Modules

flexDATA includes three modules: geometry, data and display.

A wide range of acquisition geometries can be defined using the geometry module. For I/O operations and some utilities for out-of-memory arrays are implemented in the data module. Basic display utilities can be found in display module.

flexdata.geometry module

This module contains acquisition geometry classes: circular, linear, helical. The circular class corresponds to the simplest case of circular orbit cone-beam CT with minimal number of parameters. Additional parameters can be use to define a non-conventional geometry. For instance: offsets and rotations (‘det_roll’, ‘det_tan’, ‘det_ort’, etc.), axis tilts (‘axs_roll’, ‘axs_pitch’), volume transformations (‘vol_tra’, ‘vol_rot’), recostruction resolution and anisotropic sampling (‘img_pixel’, ‘det_sample’, ‘vol_sample’).

flexdata.geometry.astra_projection_geom(geom, data_shape, index=None)[source]

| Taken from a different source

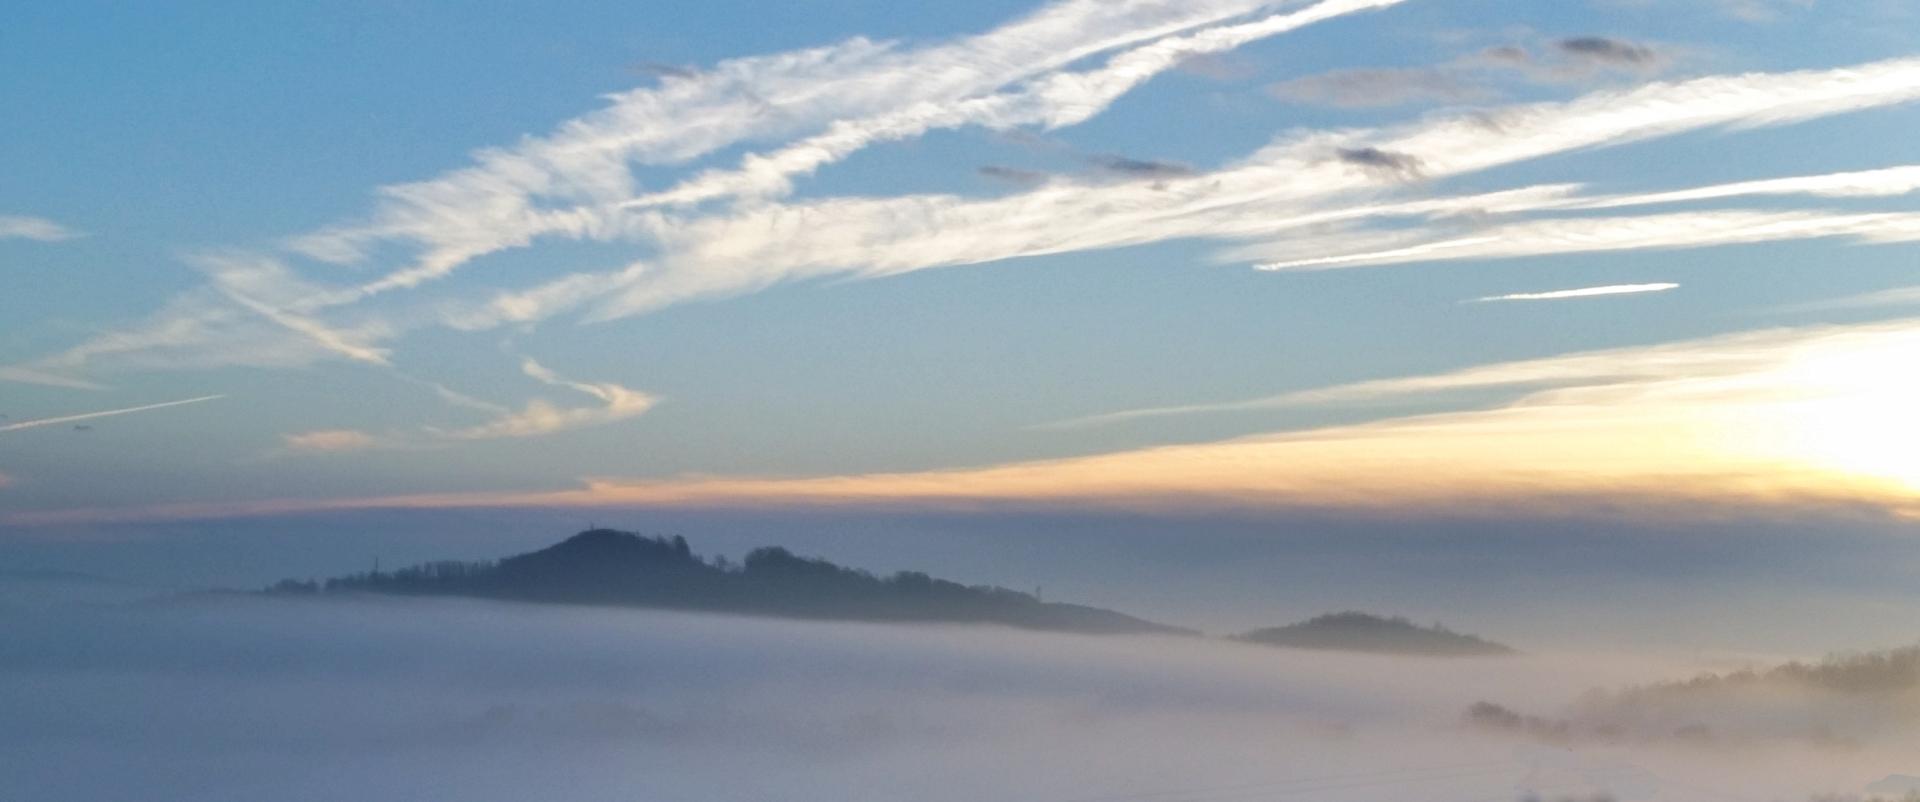 Fog_2.8.2017-4

Initialize ASTRA projection geometry.

Args:

geom : geometry class data_shape: [detector_count_z, theta_count, detector_count_x] index : if provided - sequence of the rotation angles

flexdata.geometry.astra_volume_geom(geom, vol_shape, slice_first=None, slice_last=None)[source]

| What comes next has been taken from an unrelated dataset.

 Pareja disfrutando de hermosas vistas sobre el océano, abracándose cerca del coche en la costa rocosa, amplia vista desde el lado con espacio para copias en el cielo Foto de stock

Initialize ASTRA volume geometry.

class flexdata.geometry.basic(src2obj=None, det2obj=None, det_pixel=None, img_pixel=None, unit='mm')[source]

Bases: object

Base geometry class. Needs only SDD, ODD and pixel size to initialize. Use ‘parameters’ to store parameters and ‘description’ to store relevant metadata.

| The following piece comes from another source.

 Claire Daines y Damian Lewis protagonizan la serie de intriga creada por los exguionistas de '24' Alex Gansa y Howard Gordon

astra_projection_geom(data_shape, index=None)[source]

Get ASTRA projection geometry.

Args:

data_shape: [detector_count_z, theta_count, detector_count_x] index : if provided - sequence of the rotation angles

Returns:

geometry : ASTRA cone-beam geometry.

astra_volume_geom(vol_shape, slice_first=None, slice_last=None)[source]

Initialize ASTRA volume geometry.

Args:

vol_shape : volume array shape slice_first: first slice of an ROI to update slice_last : last slice of an ROI to update

copy()[source]

Copy me.

property det2obj

Detector-to-object distance.

property det_sample

Pixel shape.

detector_bounds(proj_shape)[source]

Get the boundaries of the detector at the start of the scan in length units.

detector_centre()[source]

Get the centre coordinate of the first position of the detector.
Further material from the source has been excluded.